Position, Distance, and Displacement

The location of an object at rest pertains to its position. As the object moves from one place to another, it covers a distance. The total distance is the sum of all the distances travelled by an object from one location to another. Distance is considered as a scalar quantity, described by a magnitude and a unit only. When the distance from the initial position straight to the final position of the object, the displacement is measured. It is defined by a magnitude, unit and the direction of the motion thus, displacement is a vector quantity. The figure shows an illustration of the three quantities.

The object as represented by the dot is at rest at its position. The total measure from its position going to East then to North is the distance covered by the object. The straight way from the initial to final position gives the displacement of the object. The angle \(\theta\) is the direction of the displacement.


Example 1.

Mitch walks from home to school. She has walked \(5\;m\) already when she found out that she left her physics project. So, she went back and after \(2 \;m\) of walking, she met her mother bringing her project. And so, she went her way again to school. If the school is \(10\;m\) away from her home, how long does she walked?

Solution:

To solve how long does Mitch walk during the entire situation, we will just simple add the distances to get the total distance.

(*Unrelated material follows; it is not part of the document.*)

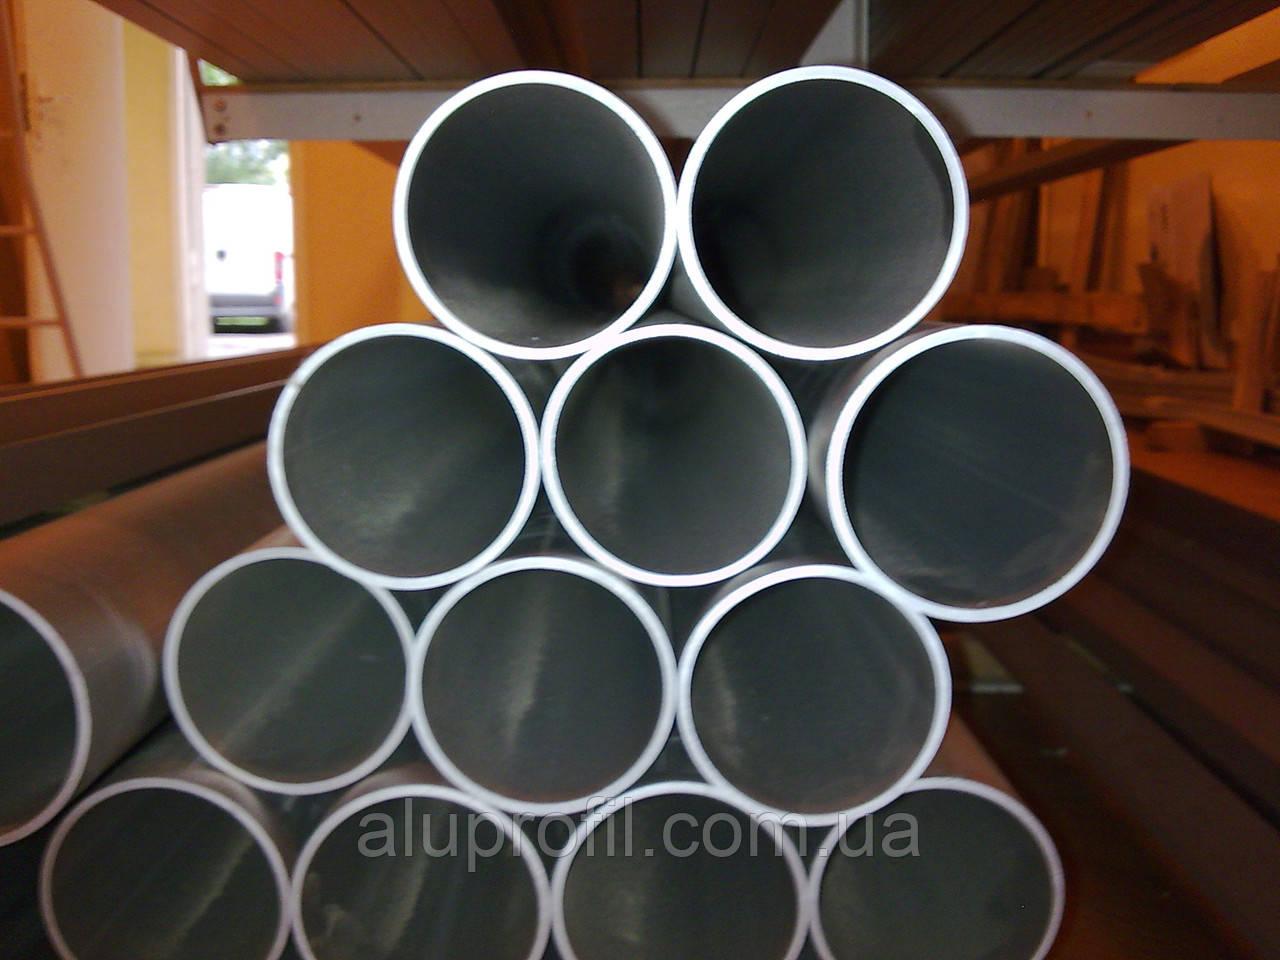 Алюминиевый профиль — труба алюминиевая круглая 50х2

\(d=5\;m+2\;m+7\;m=14\;m\)


Example 2.

Izrafel and Imanuel are planning to have a swim on the river nearby. They are planning to have a race, Imanuel to take the road and Izrafel to take a short-cut way to the river. If the way to the river from their house is \(100\;m\;\text{North}\) and \(200\;m\;\text{East}\), who will get to the river first?


Solution 1:

For Imanuel, we will be calculating the distance he traveled from home to the river.

\(d= 100\;m + 200\;m = 300\;m\)


Solution 2.

SInce Izrafel is taking a way straight from home to the river, this refers to the displacement. We will plot the given vectors to form a right triangle, and solve for the displacement using the Pythagorean Theorem.

\(d=\sqrt{(100\;m)^2+(200\;m)^2}=\sqrt{50,000\;m^2}=223.61\;m\)

To solve for the direction of the displacement, we have

\(\tan \theta=\frac {200\;m}{100\;m}=2\)

\(\theta=tan^{-1}\;2=63.43^\circ\;\text{East of North}\)

Thus, Izrafel traveled \(223.61\;m\)\(63.43^\circ\;\text{East of North}\).


Solution 3.

Based on the results, Izrafel will arrive first.